Capítulo X
Entonces y creo que hasta ahora, suman por lo menos 70 kilómetros desde la avanzada del enemigo hasta el pueblo en el que vivían. Es decir, un día y medio de camino, a pie. Allí, en una casa tapiada, abandonada recientemente por los soldados, sus antiguos dueños, un hombre y su hija, miran con indignación la destrucción y el abandono en que está, lo que alguna vez fue su hogar.
Los ojos del viejo aquel parecen encenderse a medida que se llenan de lágrimas y la ira contenida va aflorando, cada vez, con más fuerza, a su rostro moreno.
Es una costumbre establecida por el ejército pacificador, la de confiscar casas de El Llano para sus necesidades y dejarlas destruyendo cuando ya no las necesitan, para que los rastros de su habitancia en aquel lugar no sirvan al enemigo. Si es que este existe.
La muchacha, parada a su lado, no dice una palabra. Solo le mira con temor y recelo.
Cansado de llorar y maldecir, el mestizo se pone de pie y habla, dirigiéndose a ella:
—¡Ves lo que son! ¡Quitarnos lo nuestro para después dejar botando! ¡Aaaahhhh! —grita, mirando al cielo, como quien espera una respuesta que nunca llegará.
Recapacita, se calma… analiza.
—¡Lo siento mucho, no he debido meterte en esto, mija!... Ha debido ser solo cosa mía.
Ella, acongojada, se acerca al viejo que no deja de contemplar la destrucción.
—No papá… esto es cosa de todos.
—¡Se jodió todo! Llegó ese coronel al Llano y nos va a fregar. Lo presiento.

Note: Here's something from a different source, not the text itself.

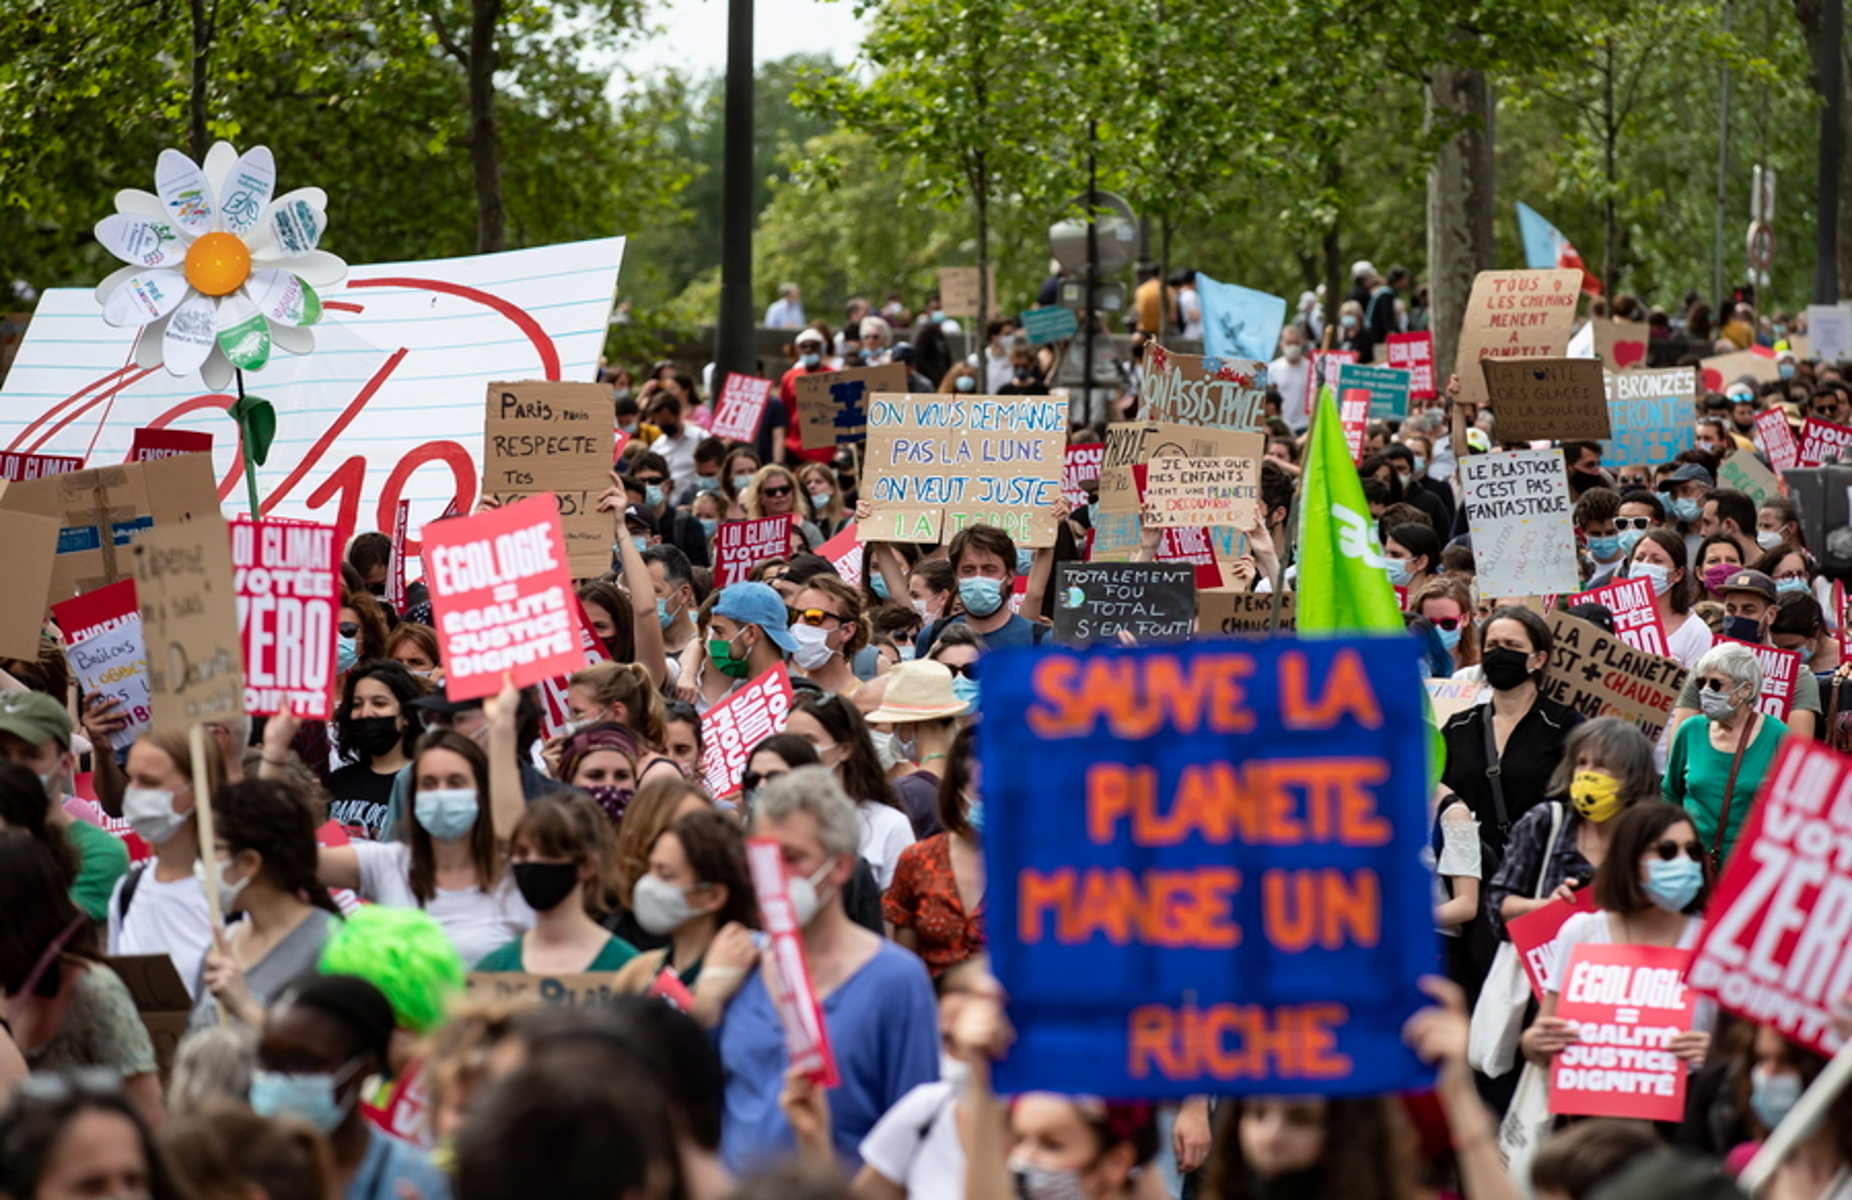 Παρίσι: Χιλιάδες διαδηλωτές ζήτησαν  από τον Μακρόν έναν πιο φιλόδοξο νόμο για το κλίμα

Dicho esto, se pone de pie y a punta de golpes rompe las podridas maderas para entrar en la casa y completar la catástrofe. Ella no dice nada. Solo se limita a seguirlo como un corderito, con absoluta devoción.
—Esos malditos serranos han bajado hasta acá para anexarnos, con el pretexto de abrir por donde nosotros, una ruta al mar y limpiar de bandidos y cacharreros nuestra tierra, para que la civilización pueda llegar tranquila hasta donde ellos viven. Pero mientras tanto, decomisan las propiedades de la gente que aquí ha vivido siempre, para dársela como pago a sus «esforzados camaradas». ¡Hechos los generosos con las cosas ajenas!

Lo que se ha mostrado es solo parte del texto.